FUNDAMENTAL PRINCIPLE OF COUNTING PROBLEMS WITH SOLUTION

Problem 1 :

A person went to a restaurant for dinner. In the menu card, the person saw 10 Indian and 7 Chinese food items. In how many ways the person can select either an Indian or a Chinese food?

Solution :

Number of ways of selecting Chinese food items  =  7

Number of ways of selecting Indian food items  =  10

Here a person may choose any one food items, either an Indian or a Chinese food. So, we have to use "Addition" to find the total number of ways for selecting the food item.

Total number of selecting Indian or a Chinese food 

=  10 + 7  =  17 ways

Problem 2 :

There are 3 types of toy car and 2 types of toy train available in a shop. Find the number of ways a baby can buy a toy car and a toy train?

Solution :

According to the given question, a baby wants to buy both toy car and toy train. So we have to use the binary operation "Multiplication" to find the total number of ways.

Types of car available in the shop  =  3

Types of car available in the shop  =  2

Total number of ways of buying a car  =  3 (2)  =  6

Problem 3 :

How many two-digit numbers can be formed using 1,2,3,4,5 without repetition of digits?

Solution :

In order to form a two digit number, we have to select two numbers out of the given 5 numbers. 

___  ___

To fill up the first dash, we have 5 options.

To fill up the second dash, we have 4 options.

Number of two digit numbers formed using the above numbers  =  5 (4)  =  20.

Problem 4 :

Three persons enter in to a conference hall in which there are 10 seats. In how many ways they can take their seats?

Solution :

1^st person may choose 1 seat out of 10 seats

2^nd person may choose 1 seat out of 9 seats

3^rd person may choose 1 seat out of 8 seats

Total number of ways of selecting seat  =  10 (9) (8)

  =  720 ways

Problem 5 :

In how many ways 5 persons can be seated in a row?

Solution :

5 persons may sit in 5 seats.

1st person may sit any one of the 5 seats 

2nd person may sit any one of the 4 seats and so on.

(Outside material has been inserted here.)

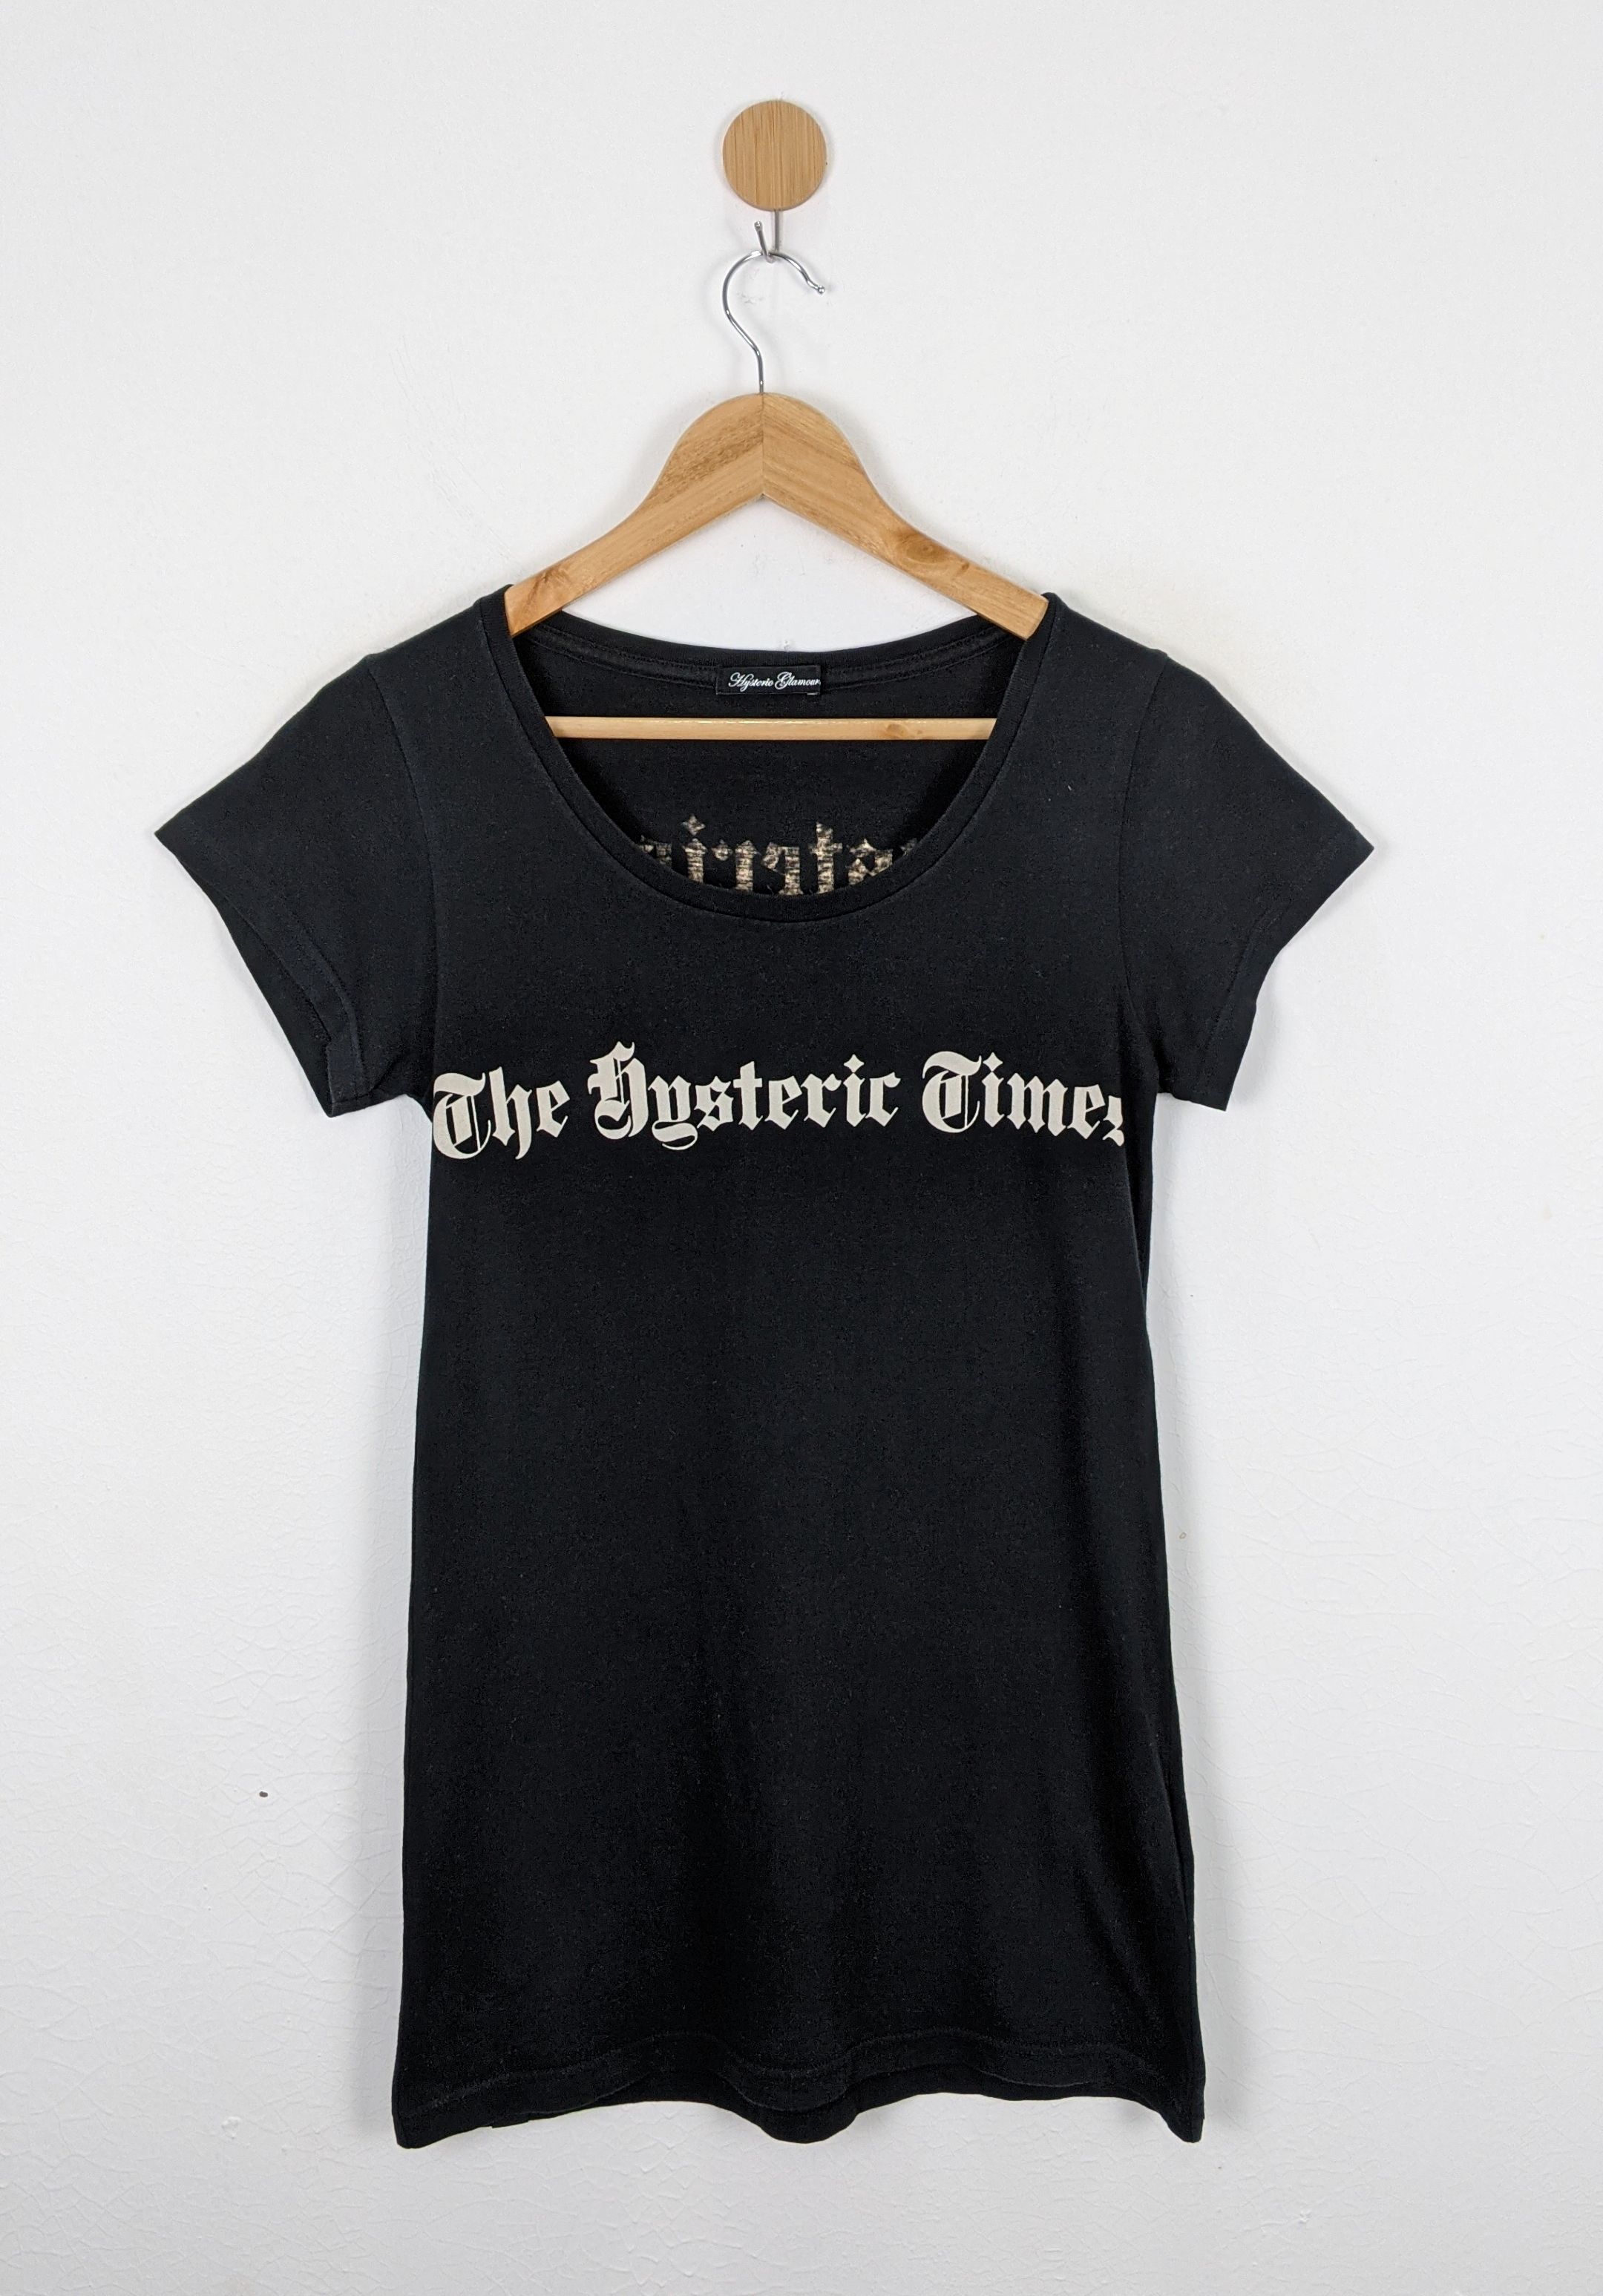 The Hysteric Times by Hysteric Glamour shirt - 2

Hence the total number of ways  =  5 ⋅ 4 ⋅ 3 ⋅ 2 ⋅ 1

 =  120 ways

Problem 6 :

If each of the students of in a class of 30 students is capable of winning any of the class prizes, how many ways are there for awarding ?

a) a first prize, a second prize, and a third prize in mathematics ?

b) a mathematics prize, a chemistry prize, a physics prize ?

Solution :

Total number of students in the class = 30

a) In those 30 students each person is eligible to be awarded. 

In this way, 29 students are eligible to be awarded second prize. 28 students are eligible to be awarded the third prize.

Total number of options = 30 x 29 x 28

= 24360

b) Here the prizes are given based on the subjects. All 30 students are eligible to awarded to get prizes in the subjects math, physics and chemistry.

= 30 x 30 x 30

= 27000

Problem 7 :

Three digits numbers are formed using only the digits

2, 3, 5, 6, 7 and 9

a) if the repetition are not permitted, how many 3 digit numbers can be formed ?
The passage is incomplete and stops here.